Parkway Life REIT - Annual Report 2014 - page 111

NOTES TO THE
FINANCIAL STATEMENTS
Year ended 31 December 2014
3
SIGNIFICANT ACCOUNTING POLICIES (CONT’D)
3.4 Financial instruments (cont’d)
The Group has the following non-derivative financial liabilities: loans and borrowings, trade and other payables,
and security deposits payable.
Such financial liabilities are recognised initially at fair value plus any directly attributable transaction costs.
Subsequent to initial recognition, these financial liabilities are measured at amortised cost using the effective
interest method.
Unitholders’ funds
Unitholders’ funds are classified as equity. Incremental costs directly attributable to the issue of units are recognised
as a deduction from equity, net of any tax effects.
Derivative financial instruments, including hedge accounting
The Group holds derivative financial instruments to hedge its foreign currency and interest rate risk exposures.
On initial designation of the derivative as the hedging instrument, the Group formally documents the relationship
between the hedging instrument(s) and hedged item(s), including the risk management objectives and strategy in
undertaking the hedge transaction and the hedged risk, together with the methods that will be used to assess the
effectiveness of the hedging relationship.
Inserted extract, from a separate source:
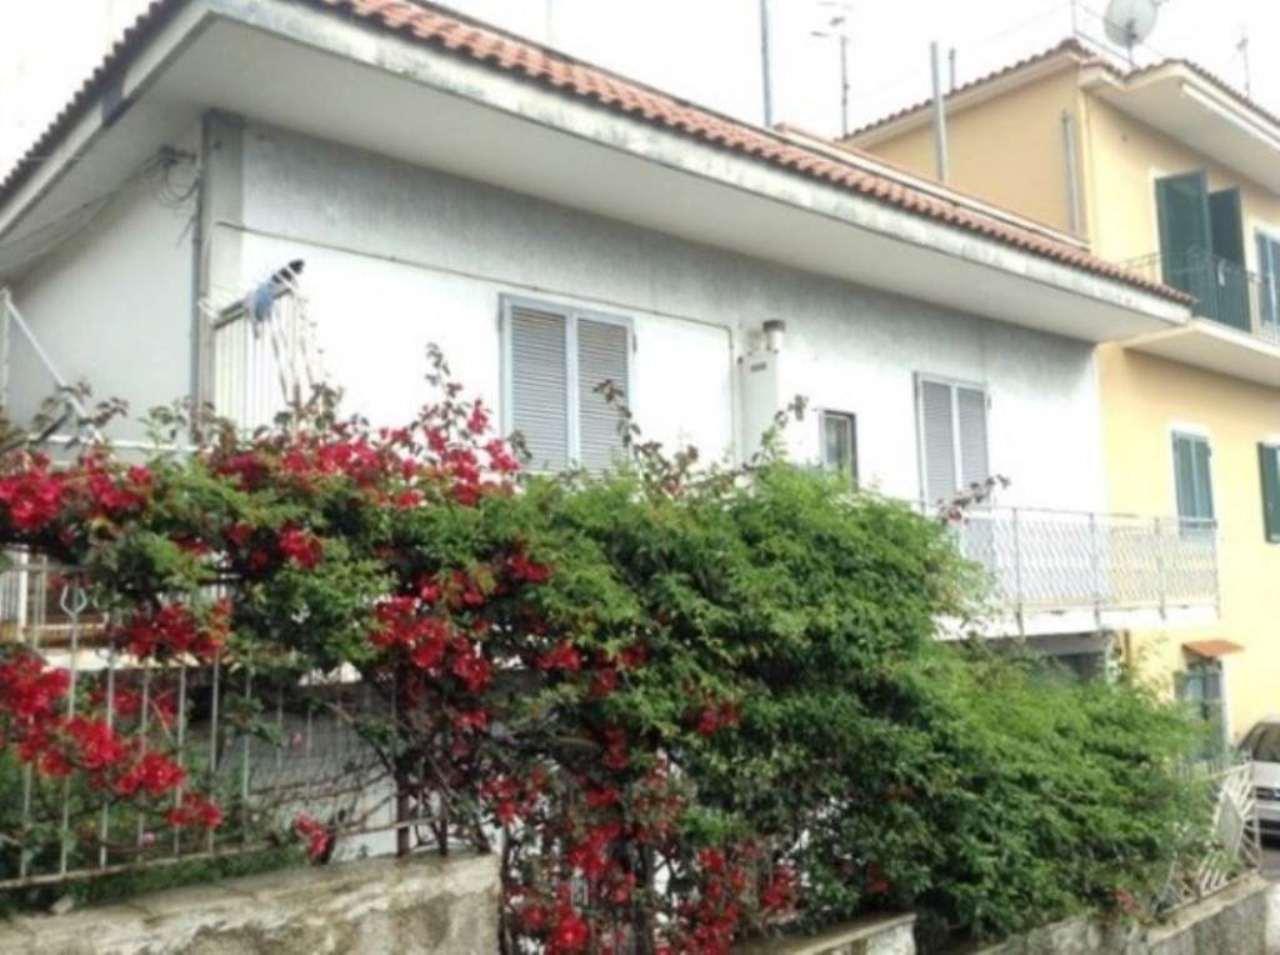 Villa in vendita a Torre del Greco, 3 locali, prezzo € 305.000 | Cambio Casa.it

The Group makes an assessment, both at the inception of the hedge
relationship as well as on an ongoing basis, whether the hedging instruments are expected to be “highly effective”
in offsetting the changes in the fair value or cash flows of the respective hedged items attributable to the hedged
risk, and whether the actual results of each hedge are within a range of 80%-125%. For a cash flow hedge of
a forecast transaction, the transaction should be highly probable to occur and should present an exposure to
variations in cash flows that could ultimately affect reported profit or loss.
Derivatives are recognised initially at fair value; any attributable transaction costs are recognised in the Statement
of Total Return as incurred. Subsequent to initial recognition, derivatives are measured at fair value, and changes
therein are accounted for as described below.
Cash flow hedges
When a derivative is designated as the hedging instrument in a hedge of the variability in cash flows attributable to
a particular risk associated with a recognised asset or liability or a highly probable forecast transaction that could
affect the Statement of Total Return, the effective portion of changes in the fair value of the derivative is recognised
in the hedging reserve in Unitholders’ funds. The amount recognised in hedging reserve is removed and included
in the Statement of Total Return in the same period as the hedged cash flows affect profit or loss under the same
line item in the Statement of Total Return as the hedged item. Any ineffective portion of changes in the fair value
of the derivative is recognised immediately in the Statement of Total Return.
If the hedging instrument no longer meets the criteria for hedge accounting, expires or is sold, terminated,
exercised, or the designation is revoked, then hedge accounting is discontinued prospectively. If the forecast
transaction is no longer expected to occur, then the balance in the hedging reserve is recognised immediately in
the Statement of Total Return. In other cases, the amount recognised in the hedging reserve is transferred to the
Statement of Total Return in the same period that the hedged item affects the Statement of Total Return.